Besides, all previously known risk factors were adjusted for, as well as widespread and repeated patient and tap water screening (including samples from shared rooms), which have not always been completely (only patient-to-patient transmission) [11,18] or properly (type and frequency of environmental screening) [10,13] selleck chemical assessed. Moreover, active antibiotics were distinguished from inactive antibiotics (selective antibiotic pressure), which could help P. aeruginosa become dominant in the patients’ flora.In our ICU, as potentially in others with the same endemic and antibiotic consumption profiles, the results of this study will lead to the development of coordinated strategies against the use of antibiotics that are inactive against P.
aeruginosa (such as a decrease in systematic penicillin or cephalosporin treatment for aspiration pneumonia) and against the environmental spread of bacteria. The latter should include alcohol-based hand-cleaning programmes since cross-contamination between patients and contaminated tap water was suspected in our study. Contaminated tap water and patients’ samples were associated with P. aeruginosa acquisition in univariate analysis but only patients’ samples were significant in multivariate analysis. Positive cultures from shared rooms were associated with P. aeruginosa acquisition in univariate analysis and should be interpreted as additional to ICU P. aeruginosa colonization pressure.There are several limitations to our study. It was a single-centre study and the limited observations may give reduced power to detect other contributing risk factors.
These limitations prevent its application to other ICUs where the patient case mix, prevalence of P. aeruginosa colonization at admission and antibiotic consumption are different.

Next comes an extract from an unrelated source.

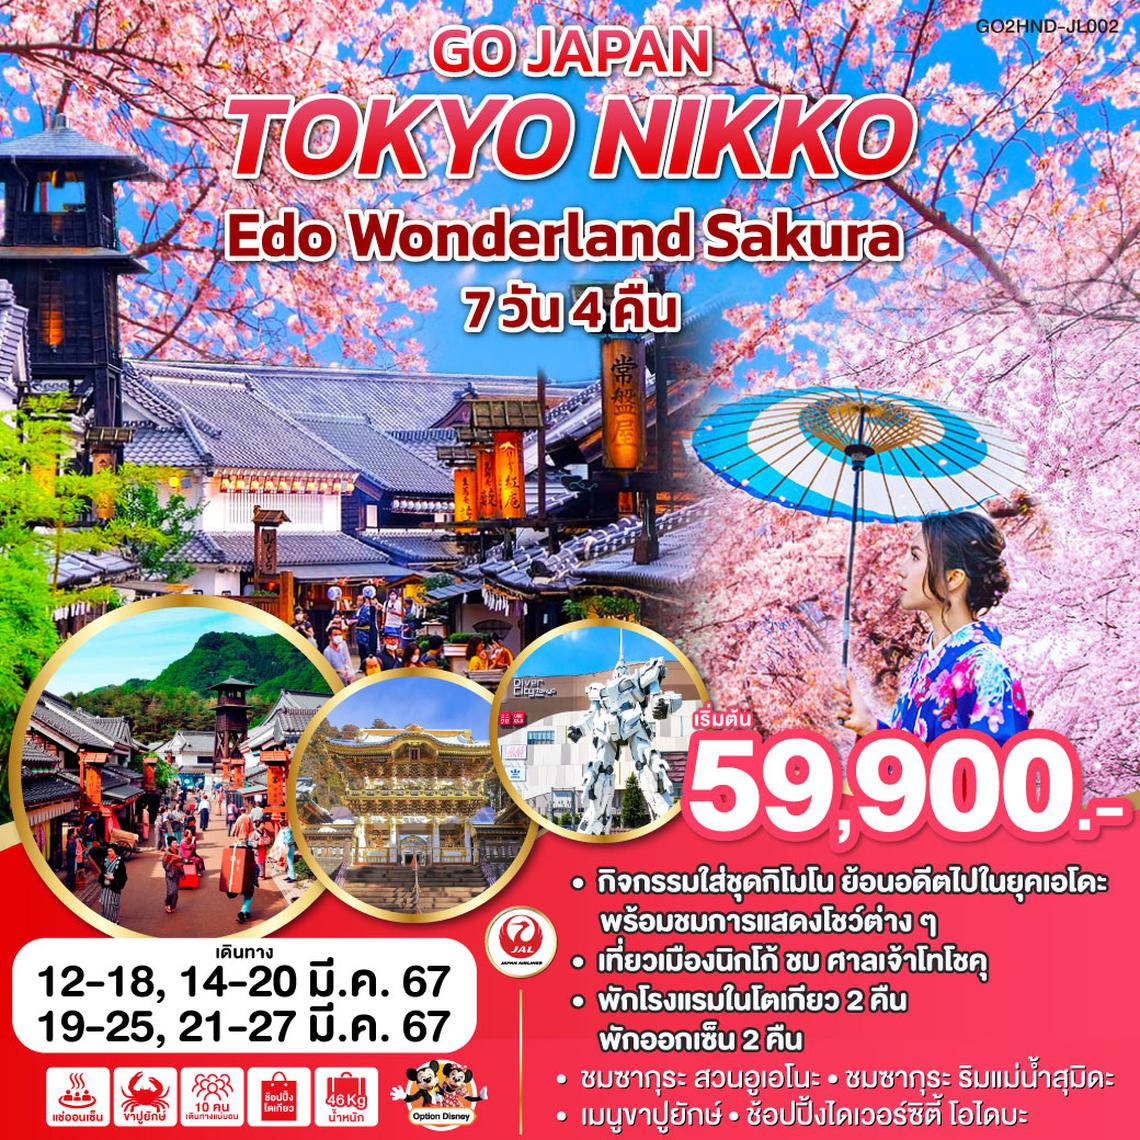 ทัวร์ญี่ปุ่น TOKYO NIKKO EDO WONDERLAND SAKURA 7 D 4 N โดยสายการบินเจแปนแอร์ไลน์ (JL)

Antibiotic selective pressure could have played a role in revealing a pre-existing P. aeruginosa flora shared with the patient’s environment without a cause-and-effect relationship (which would only have been demonstrated by chronological acquisition of the same genotypic strain) or in rendering the patient susceptible to P. aeruginosa acquisition from the environment. Other limitations include the fact that adherence to hygiene rules was not assessed, antibiotic consumption before admission was not recorded and P. aeruginosa screening was not performed at the end of the ICU stay.

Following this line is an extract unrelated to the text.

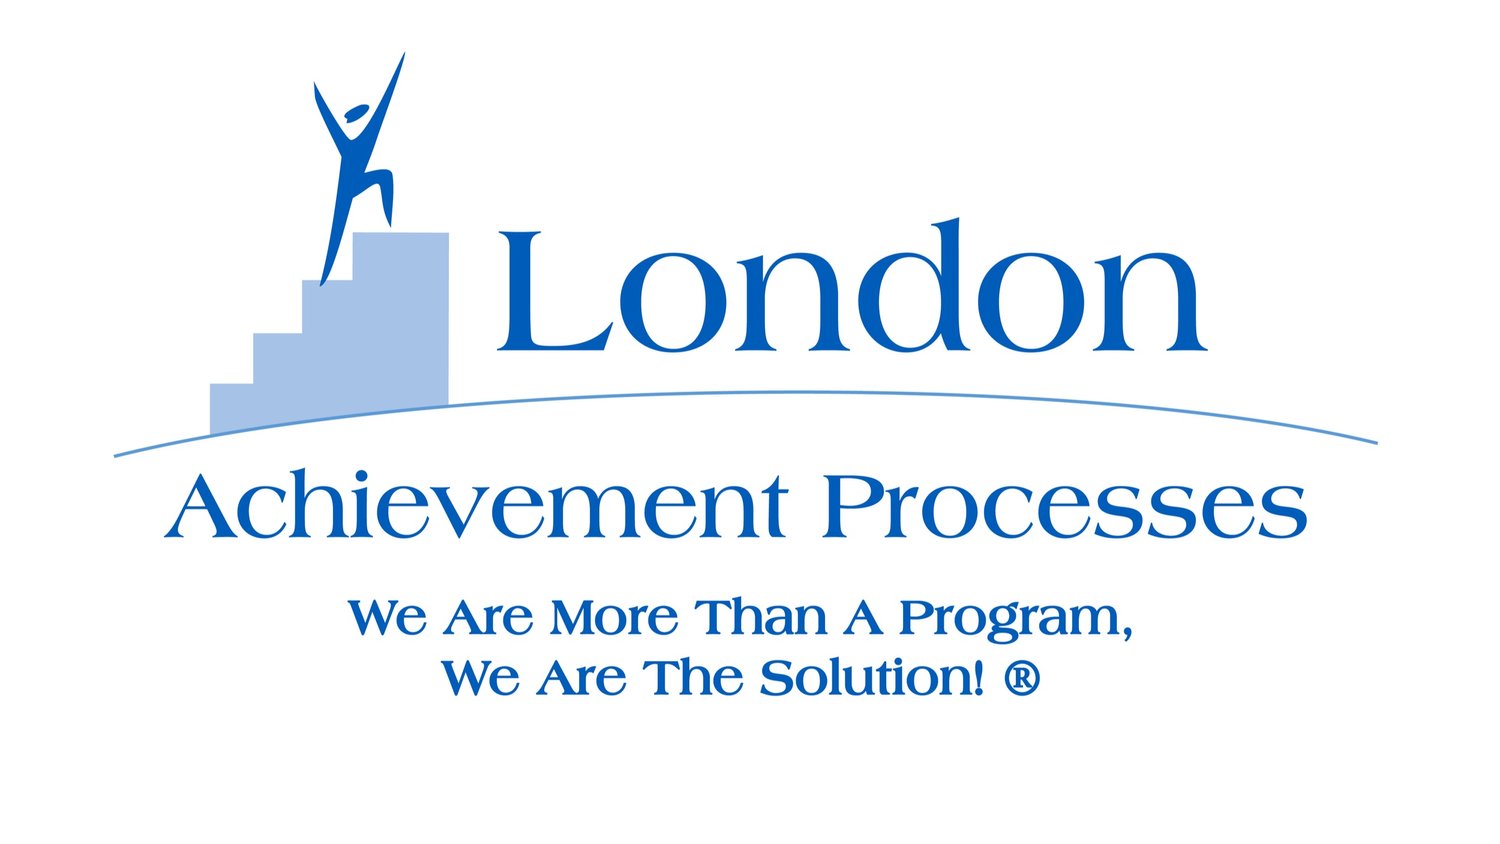 London Achievement Processes

Moreover, the environment (patients and tap water) was screened by intermittent samples. However, the inclusion in the model of the most recent sample provided a closer analysis of the time-dependent process of acquisition. Finally, routine surveillance cultures were not obtained from 15 patients AV-951 with a short stay, although this probably did not significantly influence our findings as they accounted for only 7% of total patient-days.